The unit tests thread

I think the only issue is what I noted here. Did I misunderstand something?

Thanks! No, I was just completely looking in the wrong direction. :slight_smile:

I am working on arpack_unpack_complex. It’s supposed to make the output of igraph_arpack_rnsolve more readable. One thing rnsolve does is that when the eigenvalues are complex it does store the two complex conjugate eigenvalues, but only stores the eigenvector of the eigenvalue with the positive imaginary part. unpack_complex doesn’t explicitly say what it’s supposed to output, but I guess it should output both eigenvectors for that complex case. What it actually does is output the eigenvector for the eigenvalue with negative imaginary part twice. You can see this here: Add arpack_unpack_complex unit tests · GroteGnoom/igraph@540ae9b · GitHub. (For the outputs: First there’s a real column, then an imaginary column, then real, etc.)
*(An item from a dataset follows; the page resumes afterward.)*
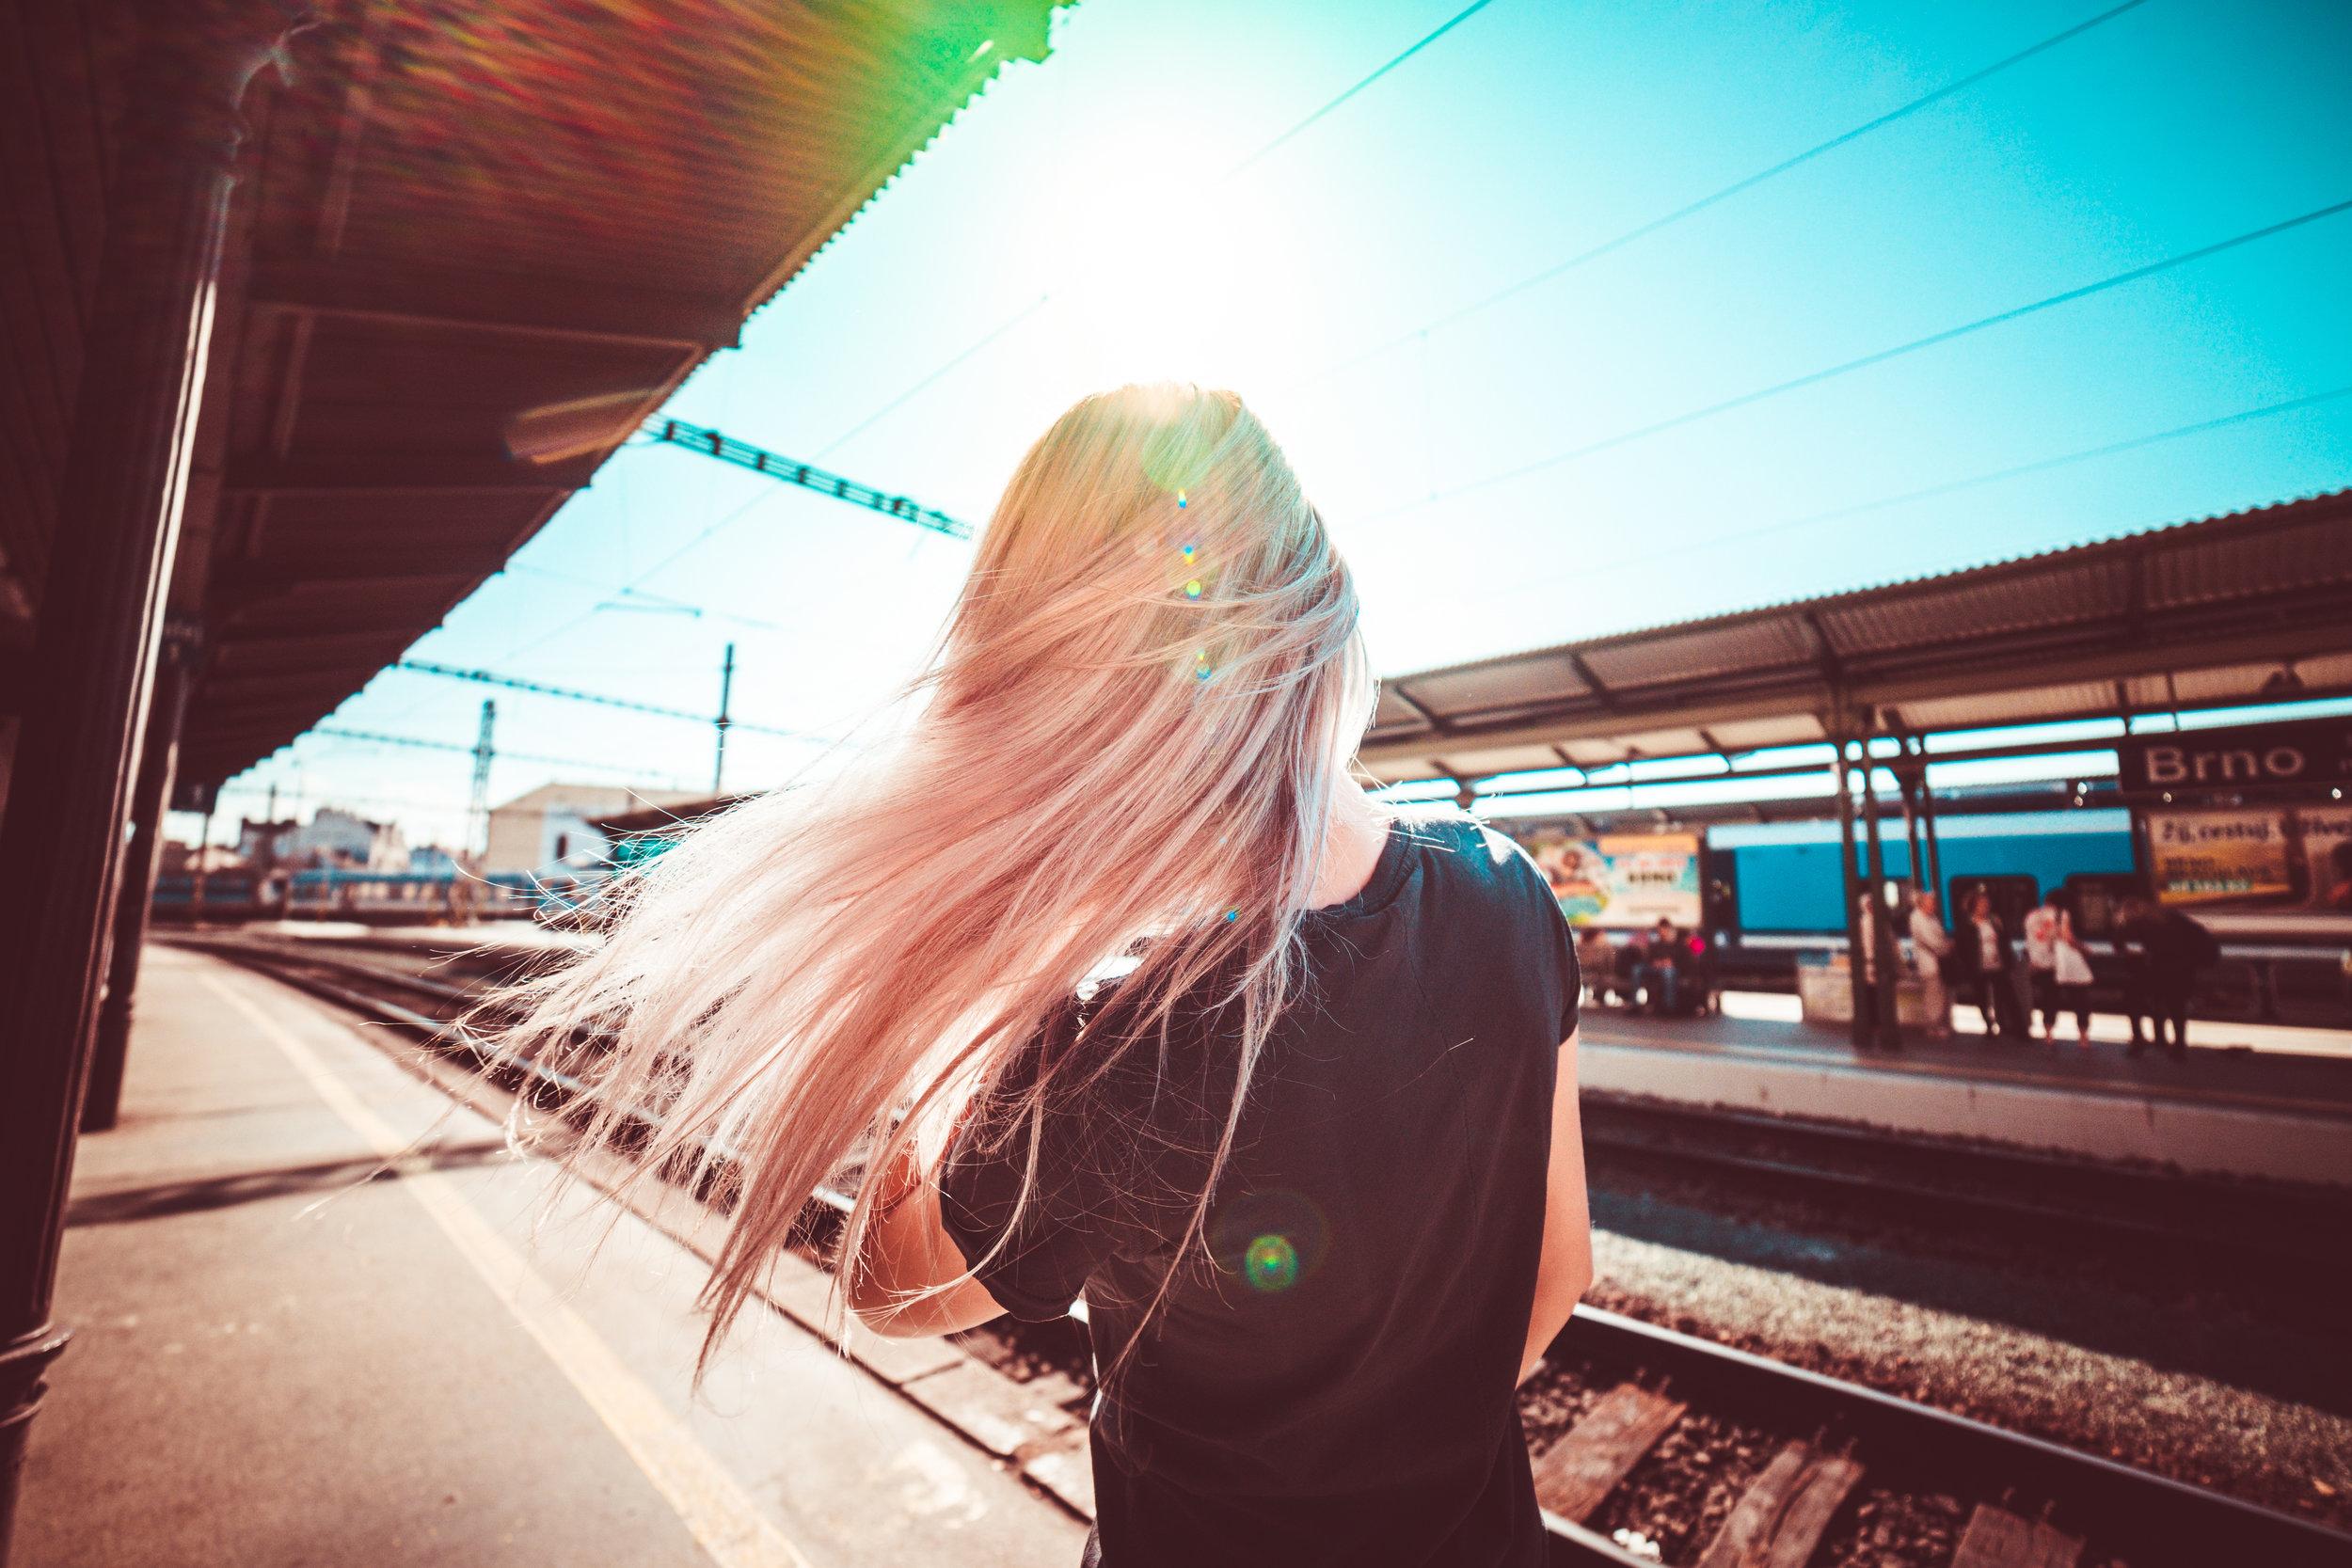 happy-girl-enjoying-free-time-waiting-for-train-picjumbo-com.jpg

Am I correct that it should output two different eigenvectors (the original one and it’s complex conjugate) ?

Yes, that is what it is supposed to do. The function has two goals:

  • If you have n eigenvalues, then it should produce a matrix with 2*n columns, real and imaginary columns interspersed, as you have observed.
  • If ARPACK returned more than n eigenvalues for some reason, it should discard the additional eigenvalues.
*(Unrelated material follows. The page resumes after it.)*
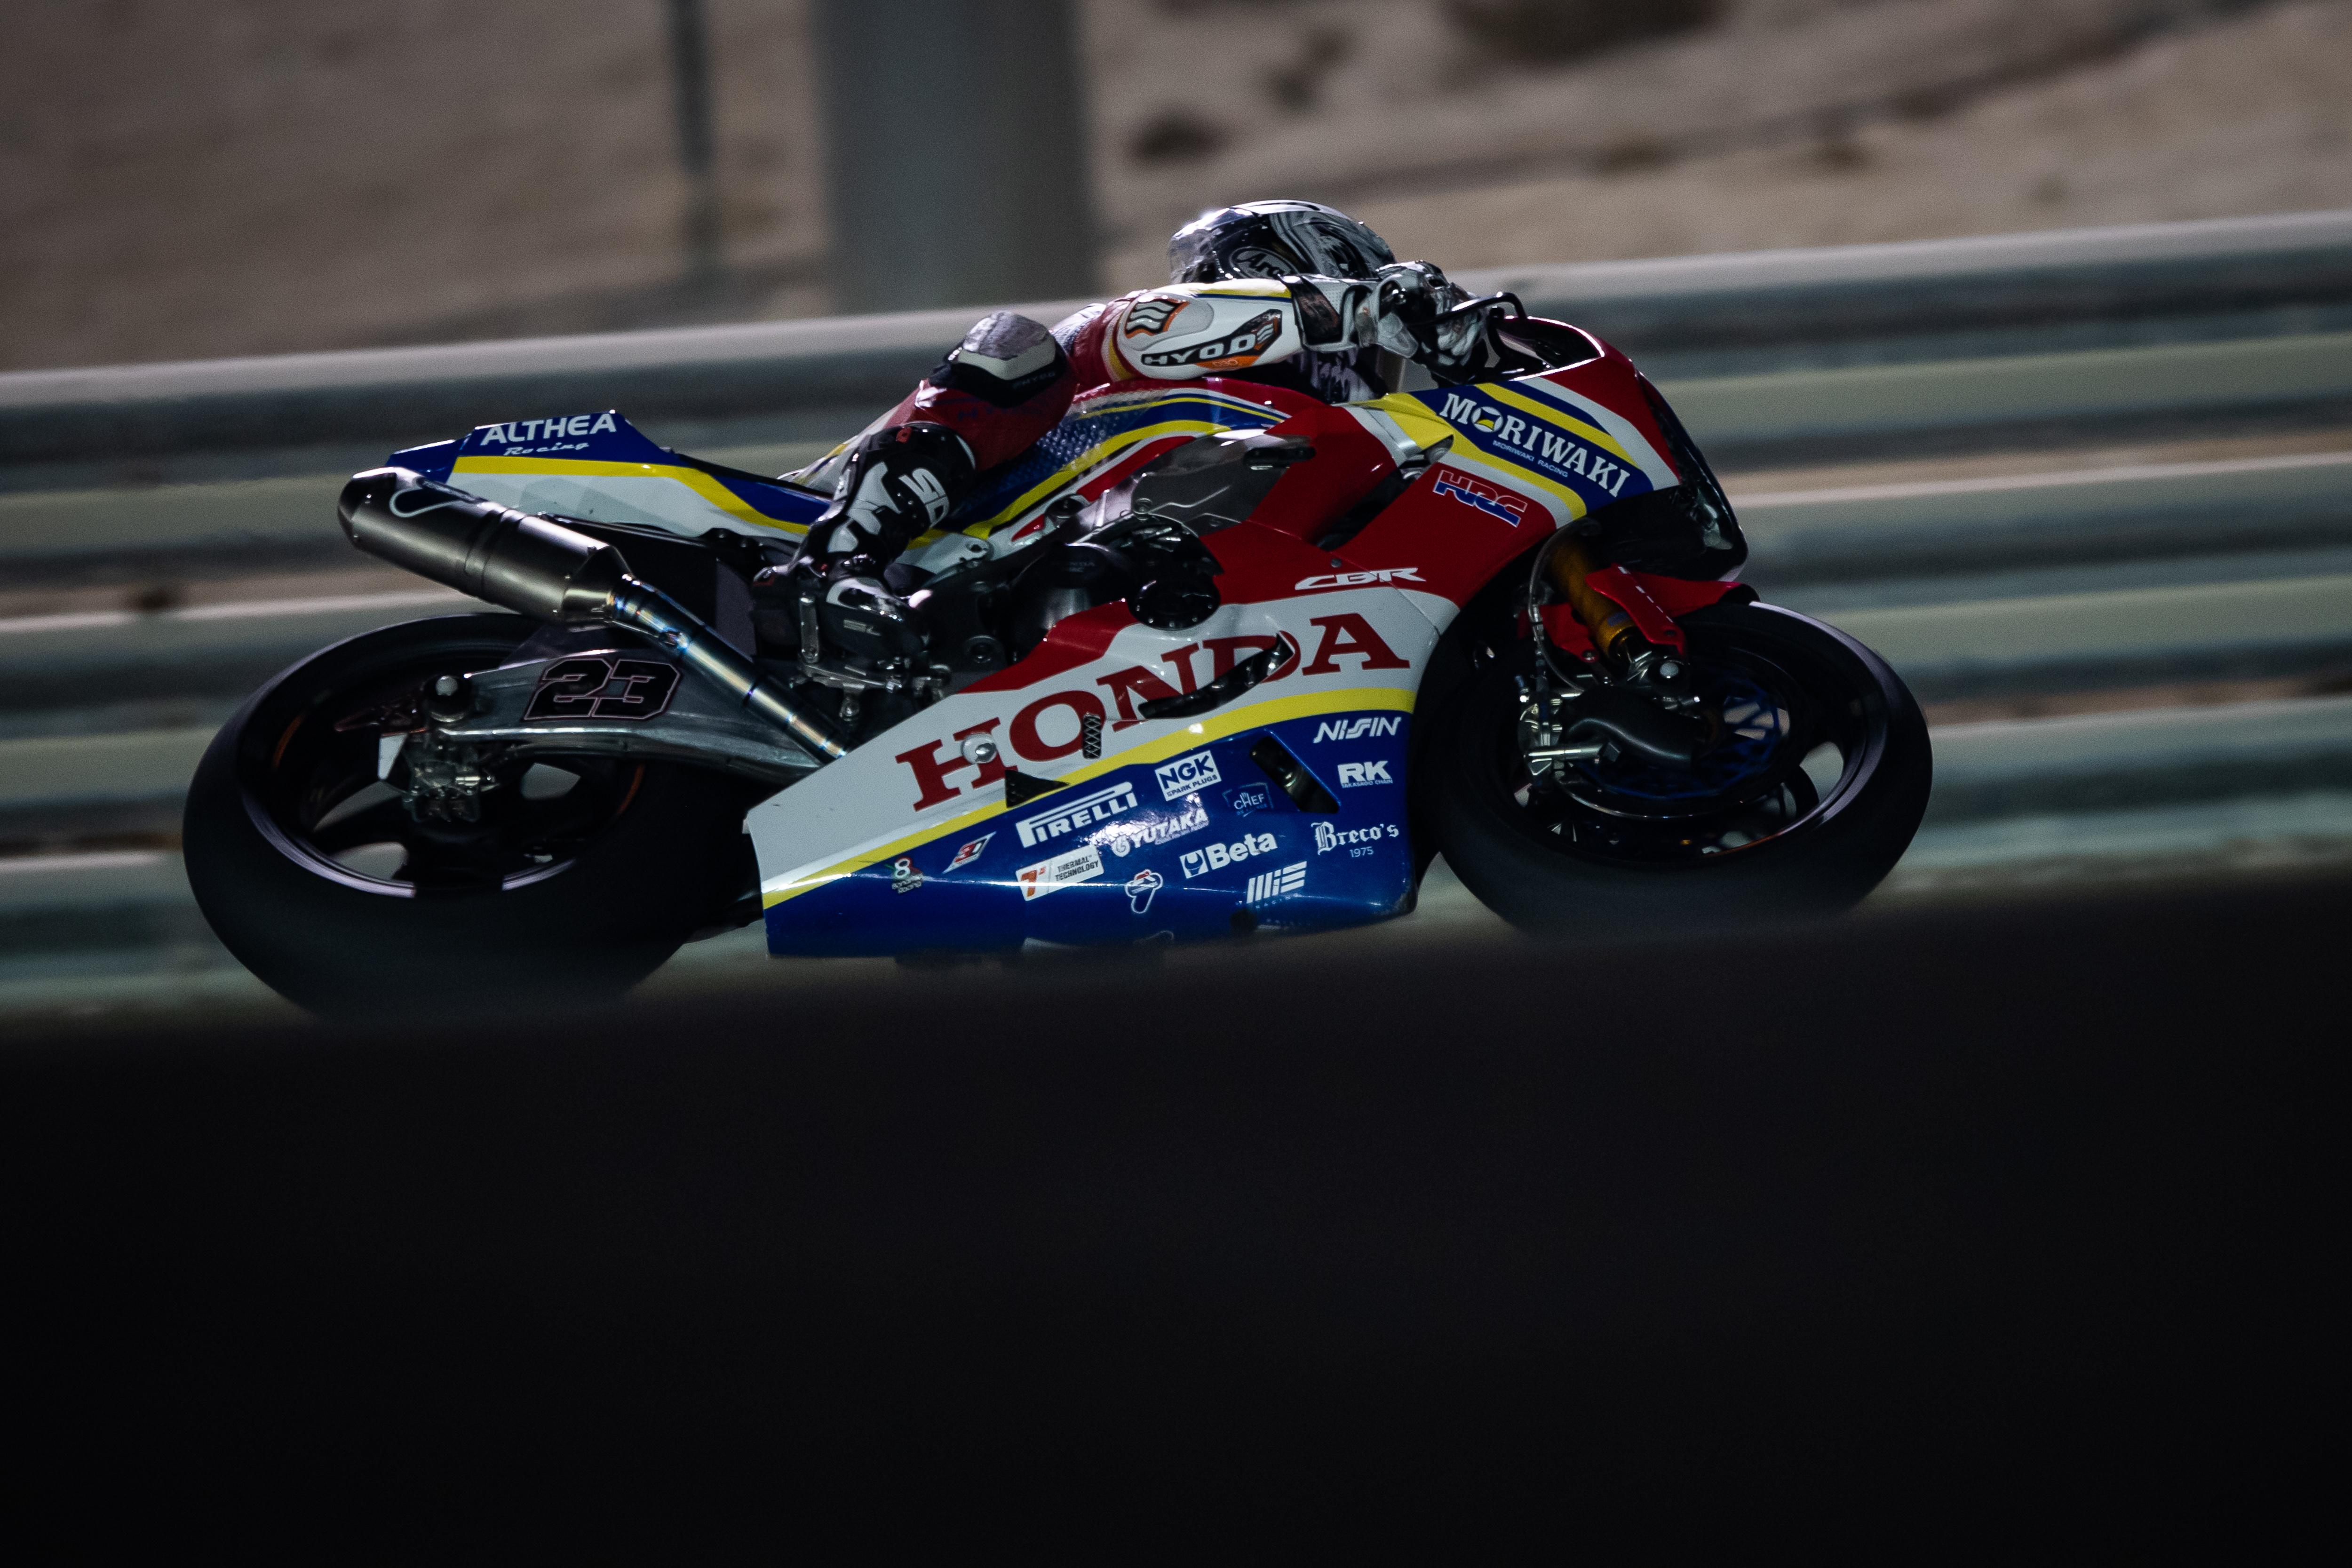 Moriwaki_Althea_Honda_Team_Qatar_44

The main purpose of this function was to make it easier to write unit tests that involve complex eigenvectors. It is not used at the moment in the C core, but the R interface exposes it as arpack.unpack.complex, and its output actually matches what R requires to produce a list of complex vectors.

1 Like

@GroteGnoom On Monday I fixed a bunch of bugs in community detection functions when calling them on 0- or 1-vertex graphs. Having informative error messages (with IGRAPH_ERRORF) that included actual values was hugely helpful in this! Your work is bringing fruit.

:slightly_smiling_face: That’s great to hear!

igraph_zeroin is in /src/internal/, but it is not used internally (no usage found with grep -r igraph_zeroin). Does that mean it isn’t used? Should it still be tested for possible later usage?

Since it’s a public function, it’s not bad to have a test for it.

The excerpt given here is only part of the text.